-- Opening Marker --

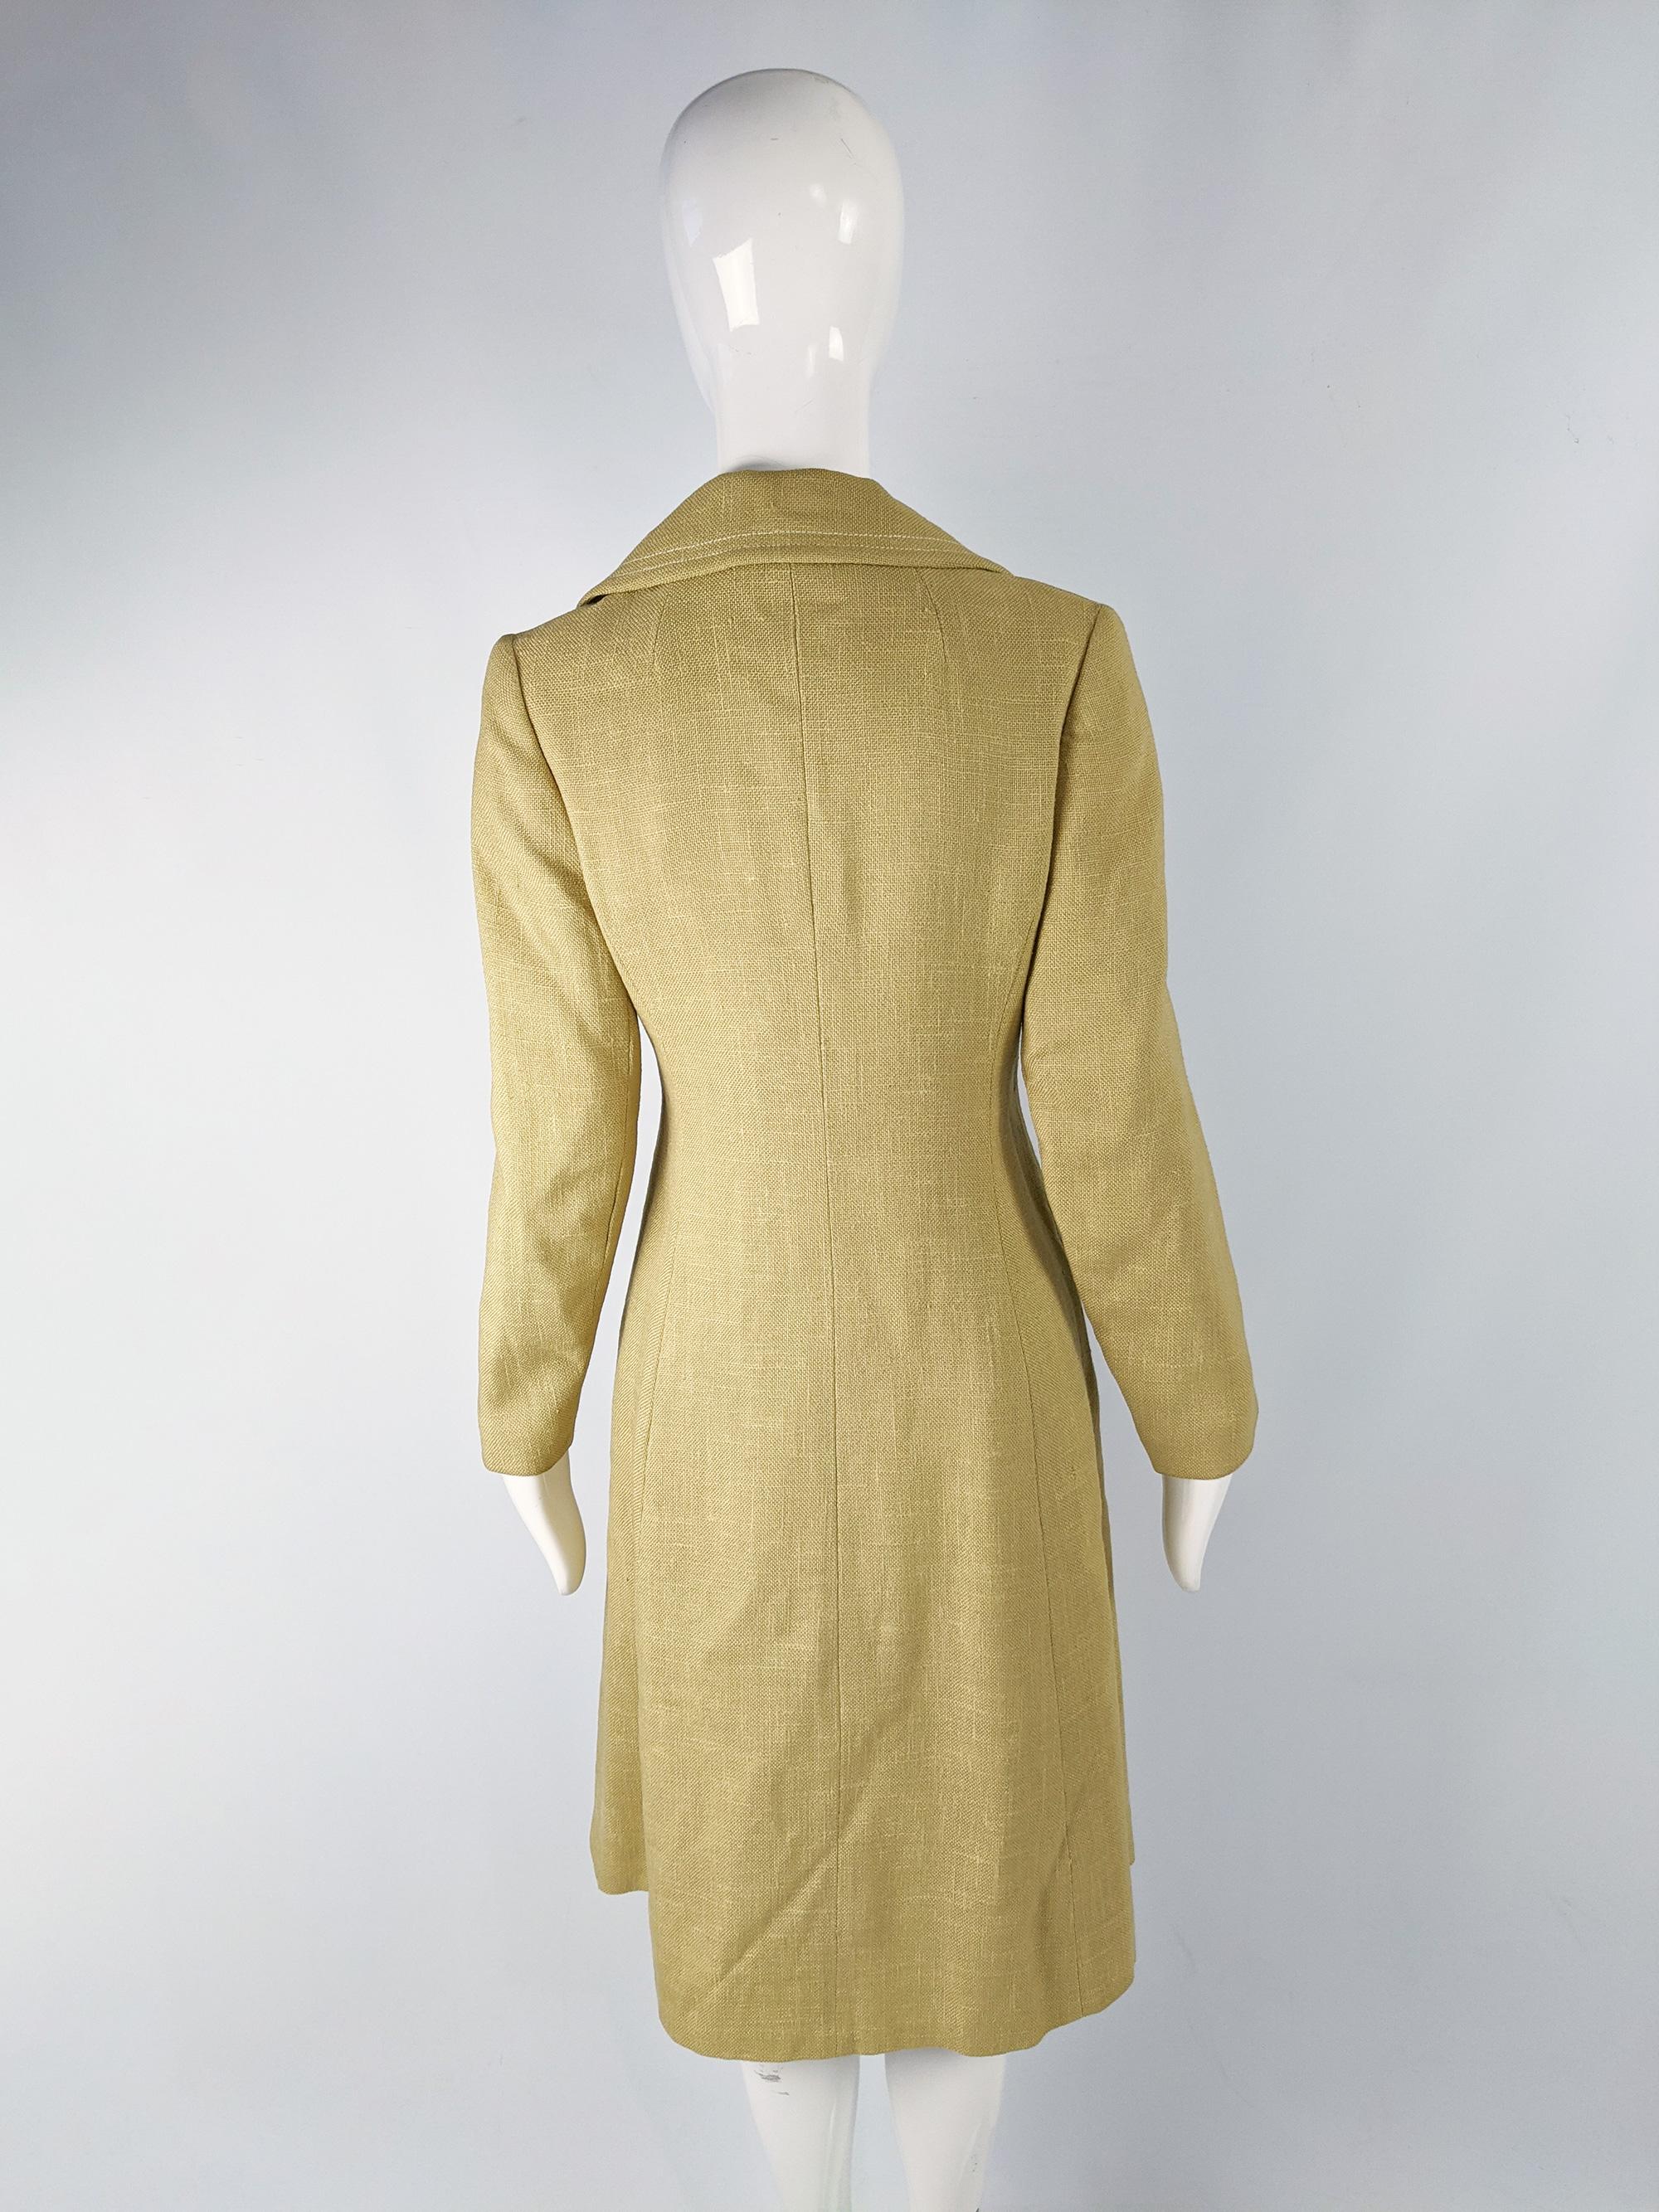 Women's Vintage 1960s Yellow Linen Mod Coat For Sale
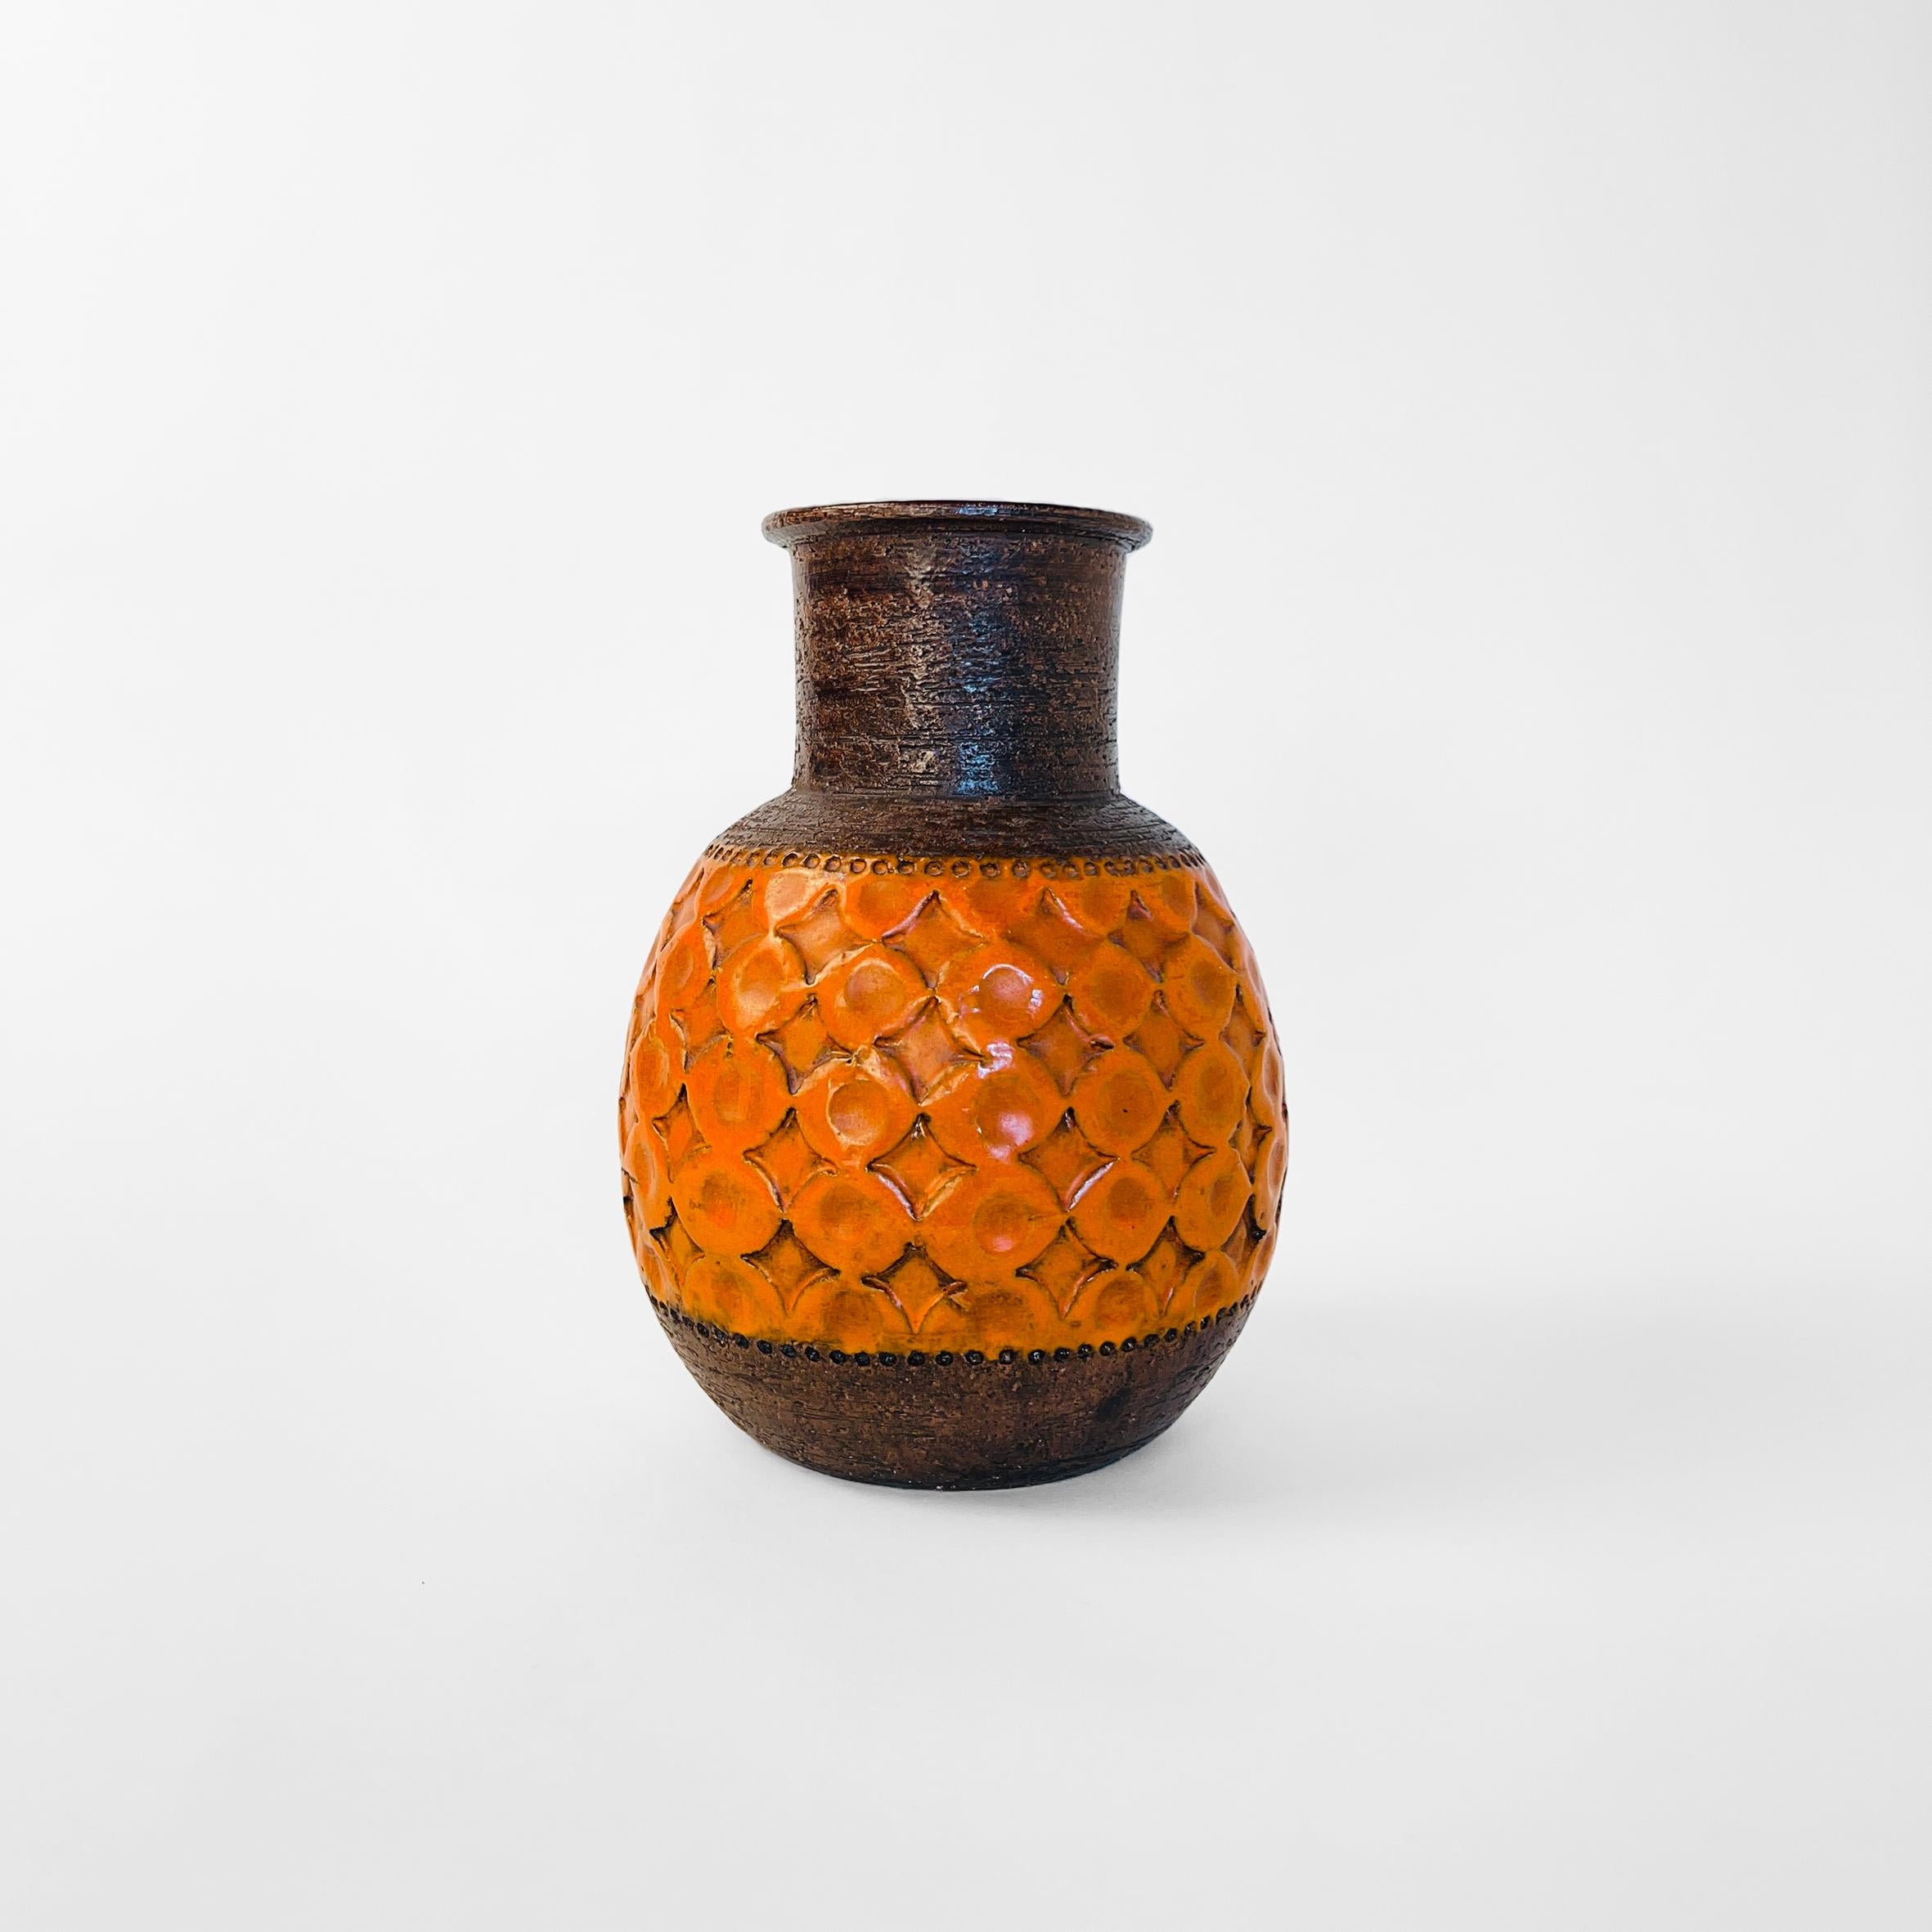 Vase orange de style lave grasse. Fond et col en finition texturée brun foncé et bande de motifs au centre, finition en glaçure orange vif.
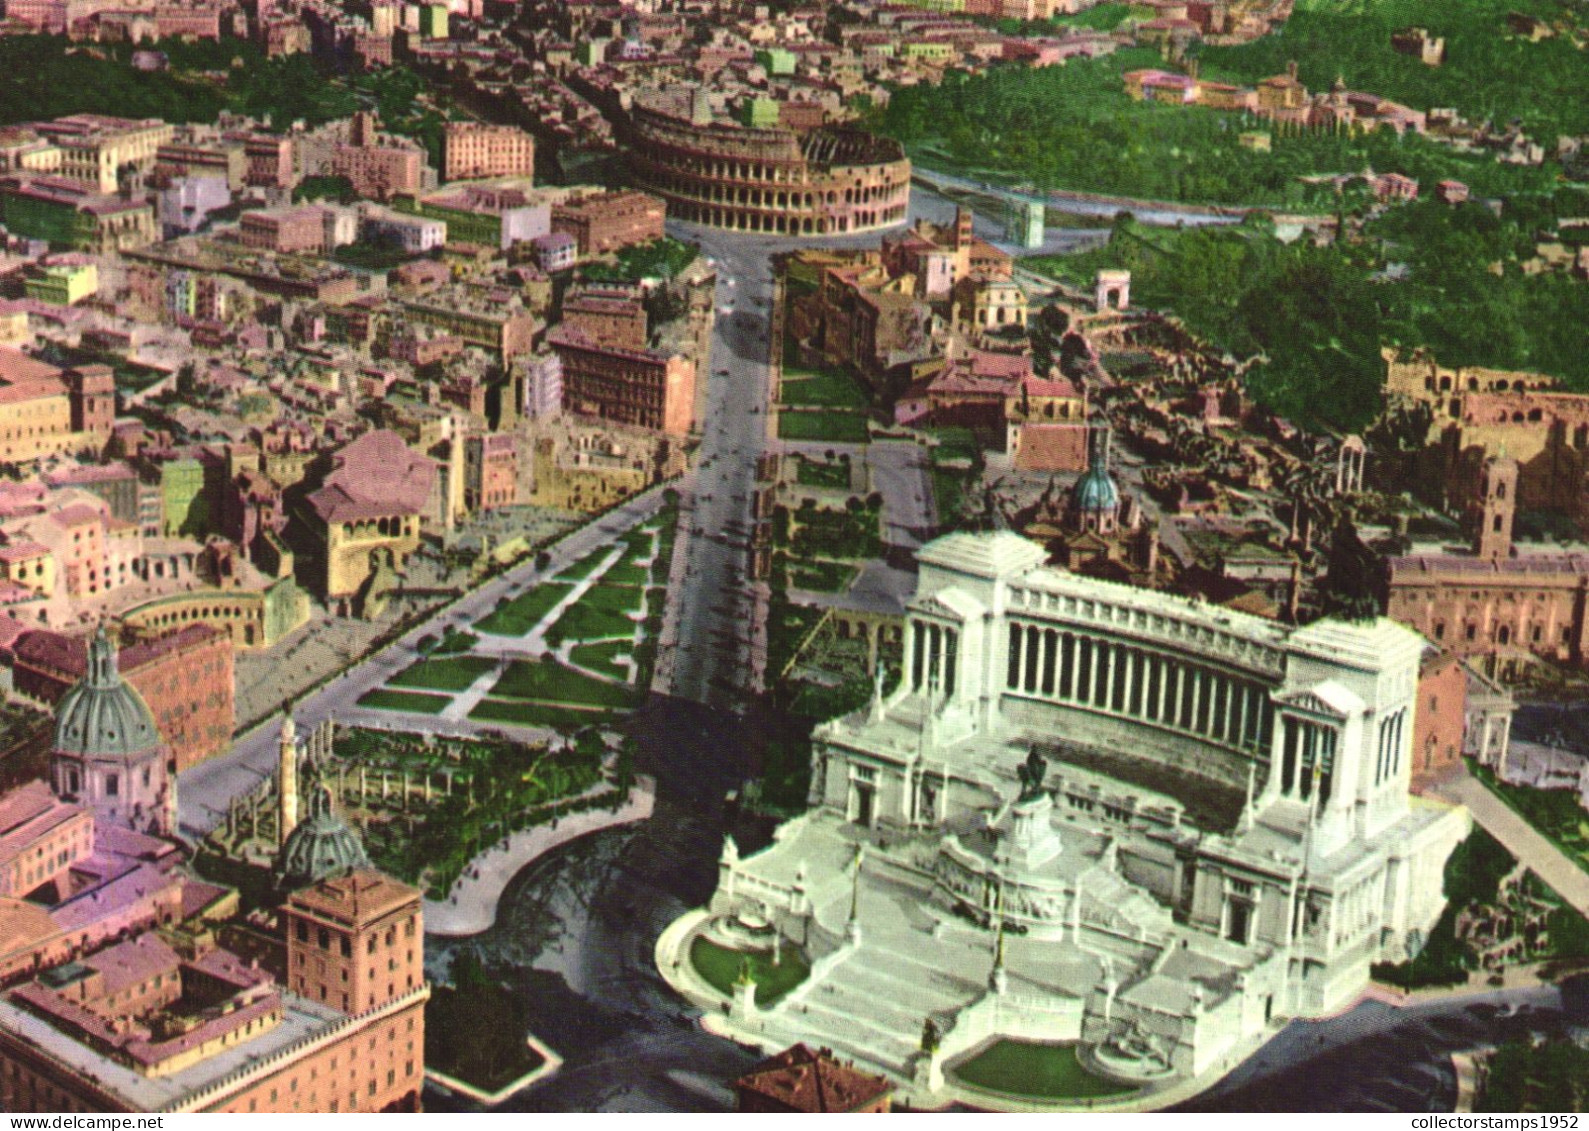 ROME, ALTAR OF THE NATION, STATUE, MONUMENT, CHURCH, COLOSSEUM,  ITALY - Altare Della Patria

-- Closing Marker --

▶ [WHAT YOU HAVE TO DO] Set down exactly, line for line, the data from the line that contains "Vase orange de" through its last line, keeping pictures out.

▶ [REPLY]
 Vase orange de style lave grasse. Fond et col en finition texturée brun foncé et bande de motifs au centre, finition en glaçure orange vif.
 ROME, ALTAR OF THE NATION, STATUE, MONUMENT, CHURCH, COLOSSEUM,  ITALY - Altare Della Patria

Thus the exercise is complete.